3. Ease of Formation
The process to set up an LLC in Wyoming is straightforward and user-friendly. The state requires a minimum of paperwork and no operating agreement is mandated. This simplifies the process and reduces the potential legal fees associated with drafting complex operating agreements.
4. Flexibility with Series and Nonprofit LLCs
Wyoming permits the formation of Series LLCs and Nonprofit LLCs. A Series LLC is advantageous for businesses that require a separation of liability among various parts of their operations. It allows a single LLC to segregate its assets into separate series, each being its own entity with independent finances. This segregation can be particularly beneficial to real estate businesses, where each property can be its own series, insulating the others from liability.
5. Strong Asset Protection
Wyoming provides some of the strongest asset protection laws in the U.S. In many states, creditors may seize an LLC’s assets or a member’s ownership interest to satisfy a debt. However, Wyoming laws protect LLCs from such actions, making it challenging for creditors to claim LLC assets or member’s personal assets. This heightened protection can provide peace of mind to LLC owners.
6. Limited Fiduciary Responsibilities
In Wyoming, members of an LLC have limited fiduciary responsibilities.
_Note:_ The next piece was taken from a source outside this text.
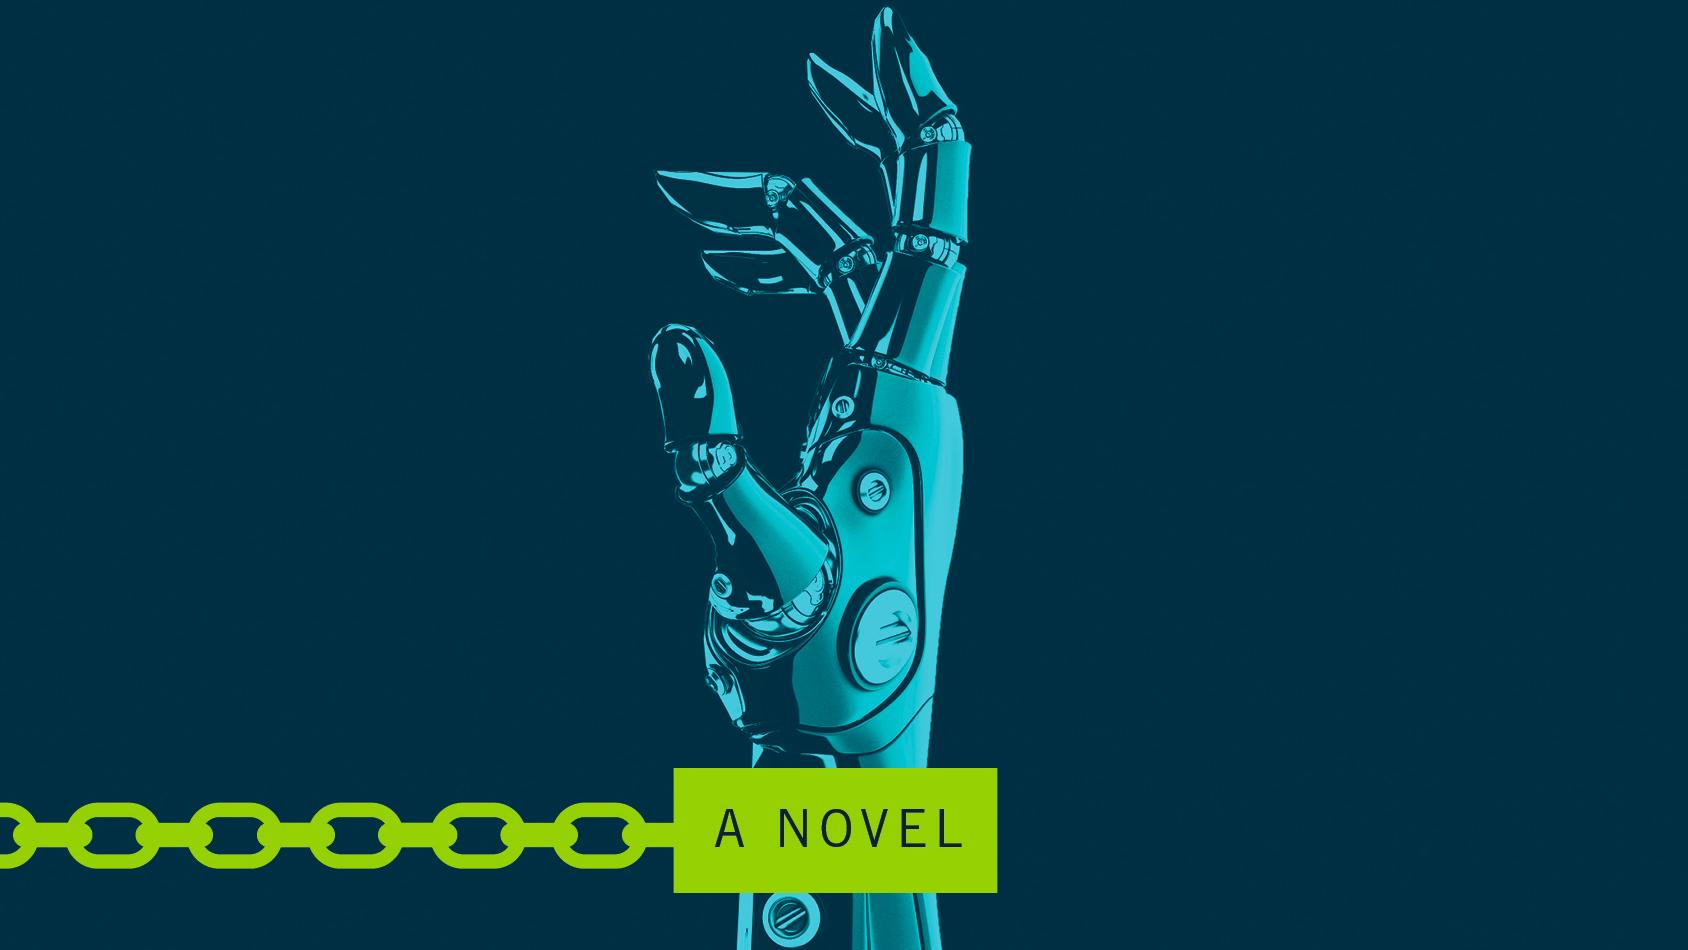 An Exclusive Excerpt From Annalee Newitz's New Novel, Autonomous

This can be especially attractive for passive members, who can invest in an LLC without the worry of getting involved in management or day-to-day operations. It provides a protective shield to members, limiting their liability to the amount of their investment.
7. Anonymity and Privacy
Wyoming does not require disclosure of manager or member names in the public filings of an LLC. This anonymity can be advantageous for businesses or individuals who wish to keep their involvement in an LLC private. In a time when privacy is increasingly scarce, Wyoming’s laws offer a valuable layer of privacy protection.